At this stage of the game, it seems to me that there’s no political downside to the Democrats going after the Republicans on their enabling of Donald Trump.  I say this in light of the existential seriousness of the issues at play, and the escalating evidence that where collusion is concerned, smoke means fire.  At the barest minimum, even if there was no collusion, Donald Trump quite arguably obstructed justice by firing FBI Director James Comey to derail the investigation, even if it was only to protect his political agenda from distractions.  At a bare minimum, that is, the Russia factor has caused Donald Trump to abuse the power of his office.
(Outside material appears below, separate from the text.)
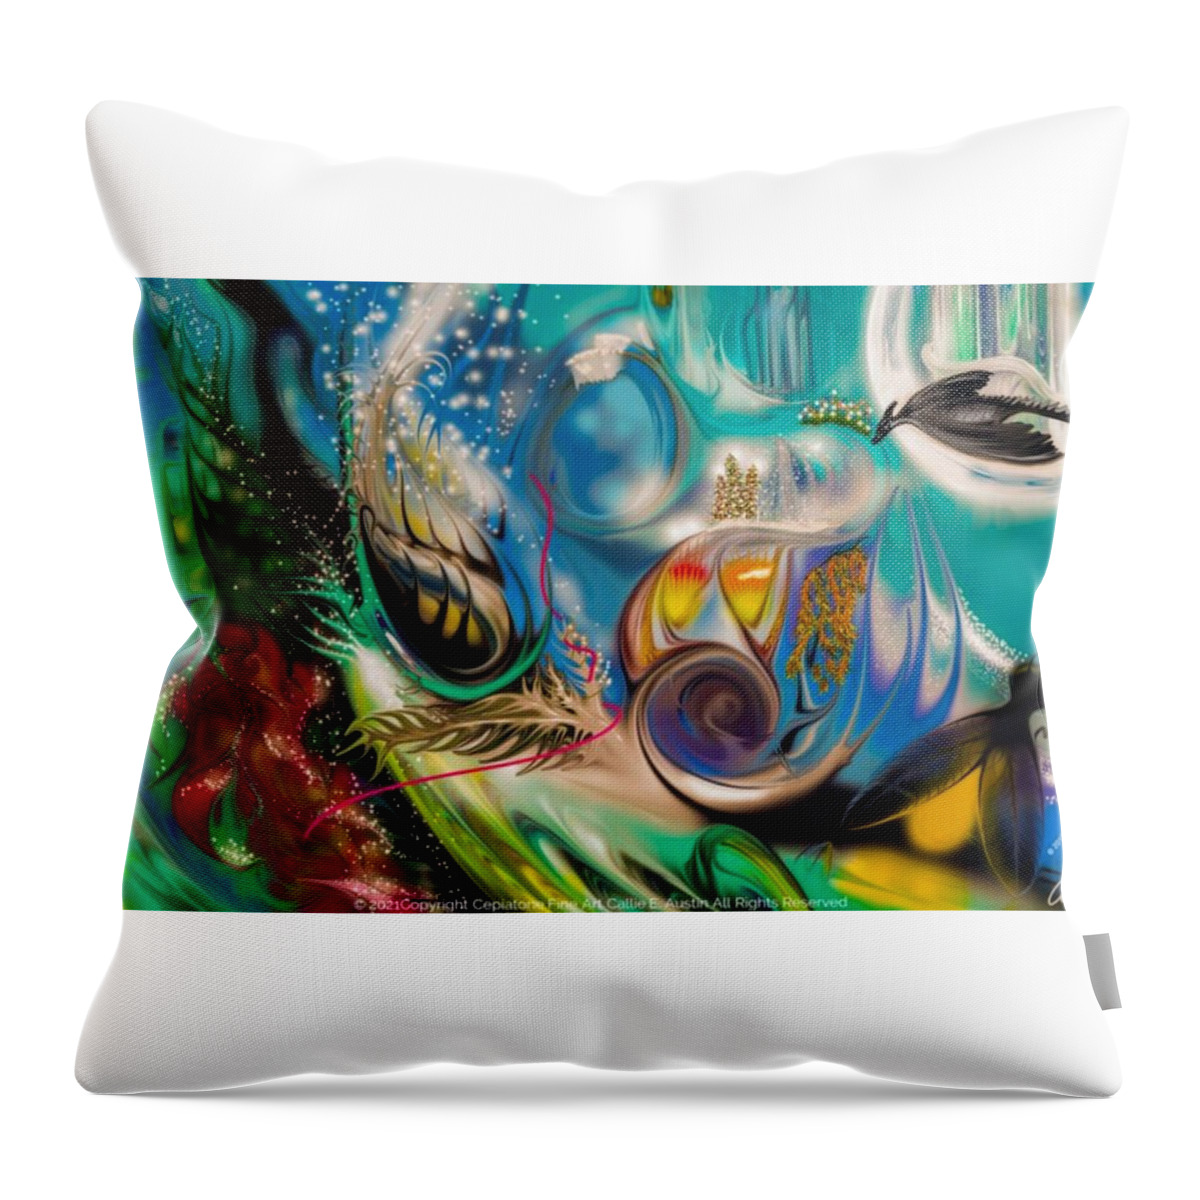 Wall Art Throw Pillow featuring the digital art Dragon day by Cepiatone Fine Art Callie E Austin

Of course, possible collusion with Russia is only the most heinous among a group of other actions Donald Trump has engaged in that reveal him as unfit for the presidency.  As just one example, the speciousness of his claims that millions of people voted illegally in the 2016 election and subsequent creation of a task force to “investigate” this wholly fictitious issue cannot be overstated.  As much as the Russian meddling, this is a direct assault on both the reality of what happened in 2016 — Donald Trump’s popular vote loss by millions of votes — and on the integrity of our elections going forward, a clear prelude to mass voter suppression.  As Charles Blow puts it in a column this week that discusses the Don Jr. meeting and beyond, Donald Trump has declared war on our country — on its Constitution, its values, and its culture.  

So the Democrats shouldn’t only be hitting Donald Trump on the Russia issue.  Rather, it’s the worst of an impeachment-level group of sins that needs to be foregrounded in the nation’s political discussion.  But it is of a piece with the others: it’s the president abusing his power to serve his own interests over those of the American people.  Trump’s Russia ties are politically radioactive in a singular way; but even if it turns out there’s been no actual collusion, Democrats need to exact a price for the utter amorality of his and his campaign’s actions, even as they continue to hit him on these other issues.

But as a political matter, and as a basic recognition of how we got to this point, hitting Trump on his bad actions up to and including collusion with a hostile foreign power needs to always be coupled with the idea that Trump’s baggage is getting in the way of dealing with our country’s REAL challenges, and with the Democrats talking about what they’re going to do to fight inequality, create jobs, ensure free trade works for everyone, and saving our planet.  

It does seem that the Democrats are inevitably in a bind not of their own making.  Because of the utter seriousness of the threat Trump presents to our country, including possible collusion with a foreign power, they are essentially in a position of being naysayers. That is, there’s not a lot of room to maneuver here; outright opposition to him is called for.  But no one says this can’t be linked to always putting forward what they’d be doing differently — all the good things that Trump’s incompetence is preventing.  They can’t let Trump frame this as a fight between himself as the defender of ordinary Americans and an elite conspiracy out to get him.